§ TASK OBJECTIVE:
Return the full listing unchanged, excluding any images it contains.

*** Opening INFORMATION SHOWN ***

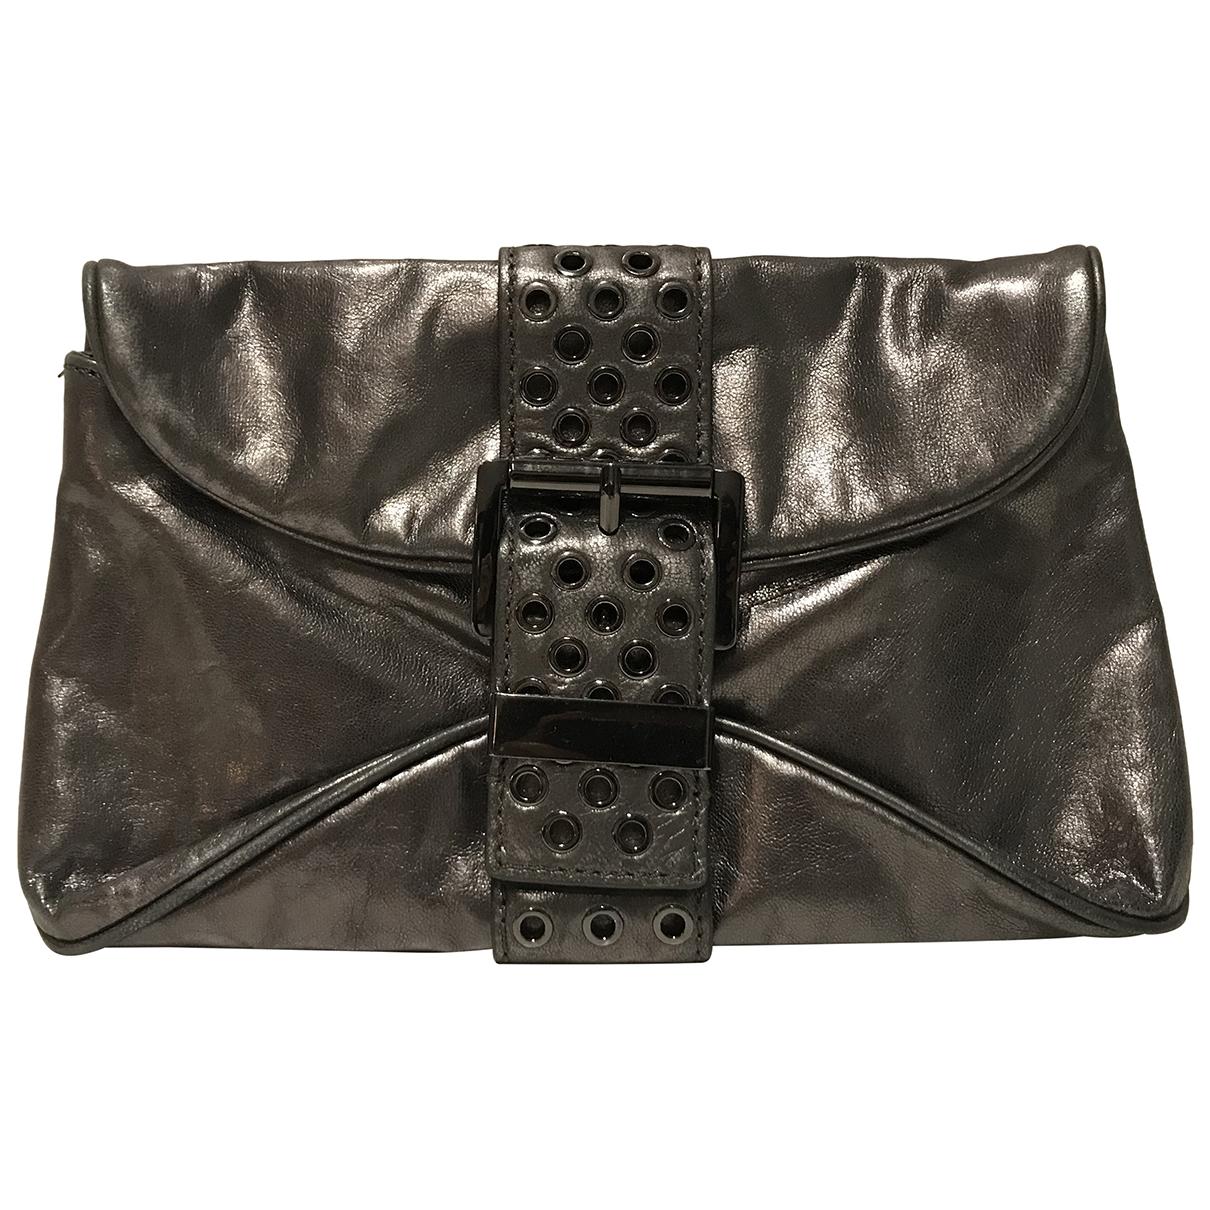 Michael Kors \N Metallic Leather Clutch bag for Women \N
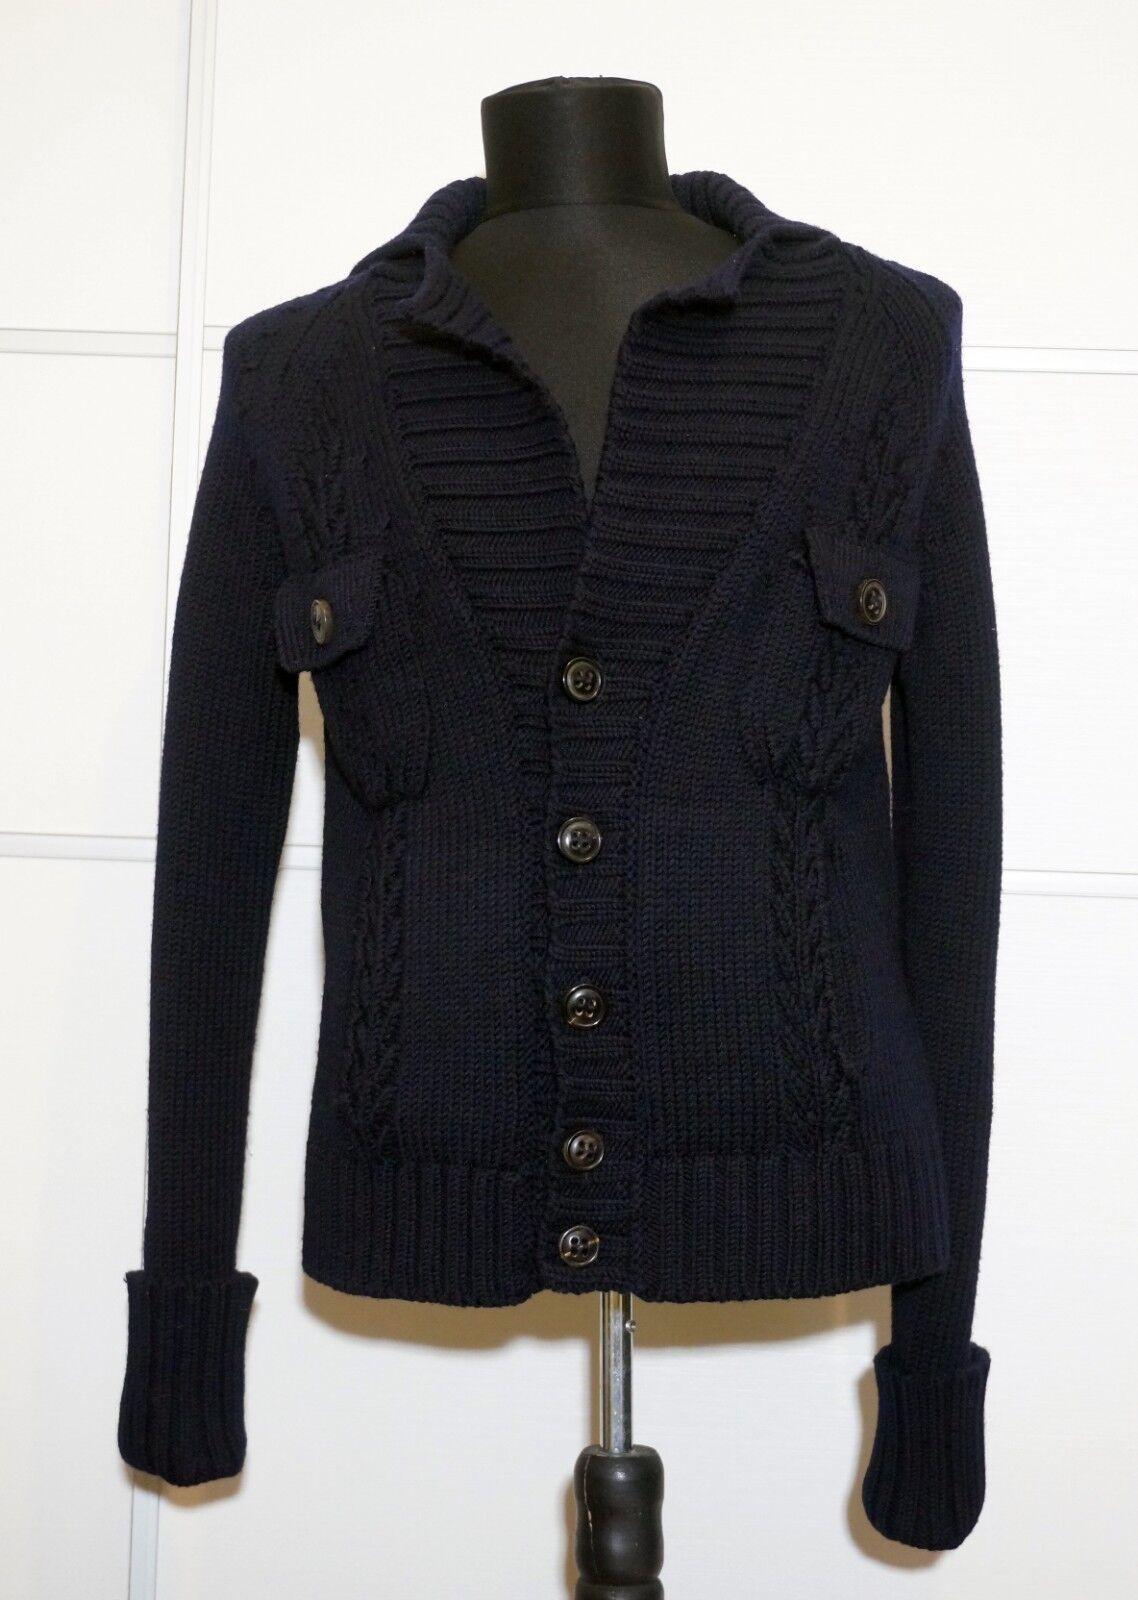 DsquaROT2 100% Wool Dark Blau Knitted Cardigan , Größe:S
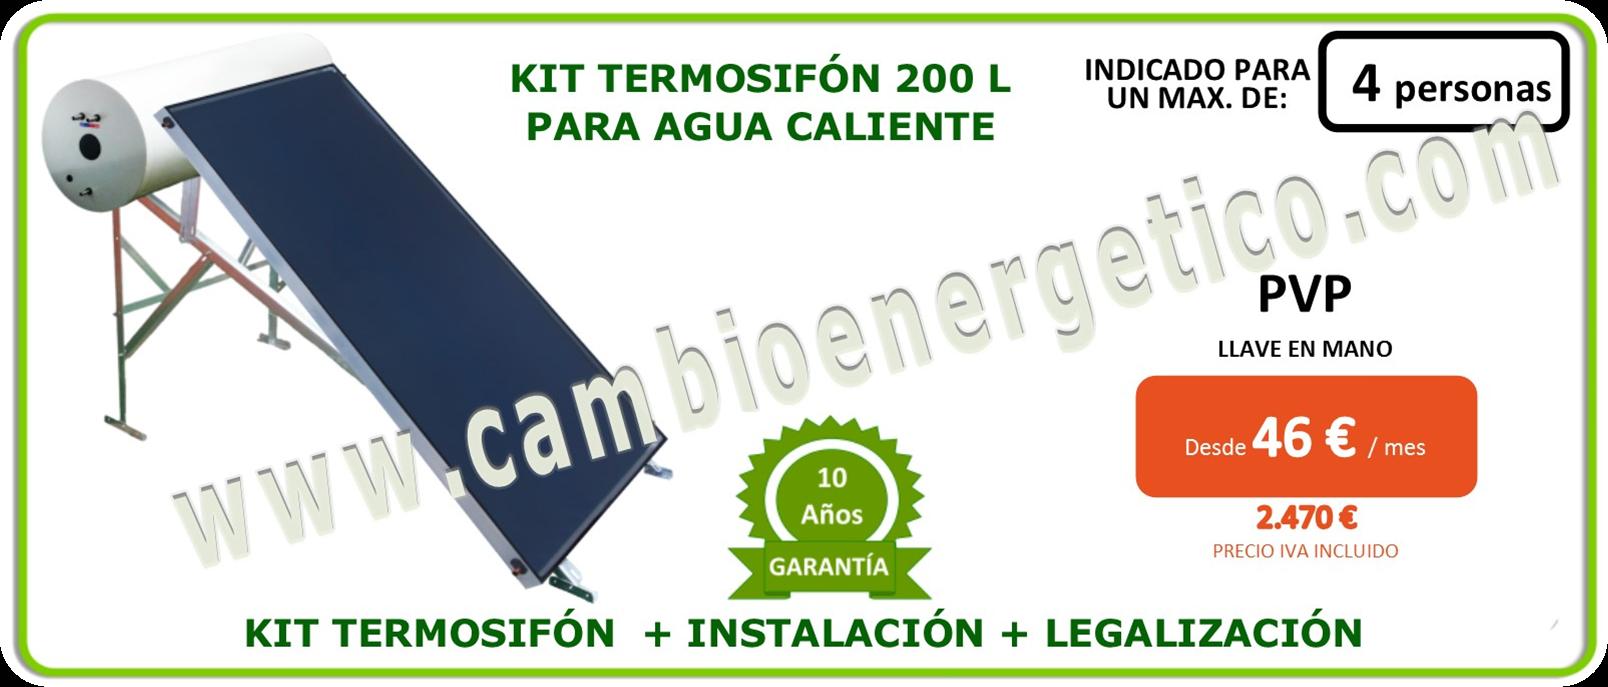 Kit termosifon 200 l

*** Closing INFORMATION SHOWN ***

§ TASK ANSWER:
 Michael Kors \N Metallic Leather Clutch bag for Women \N
 DsquaROT2 100% Wool Dark Blau Knitted Cardigan , Größe:S
 Kit termosifon 200 l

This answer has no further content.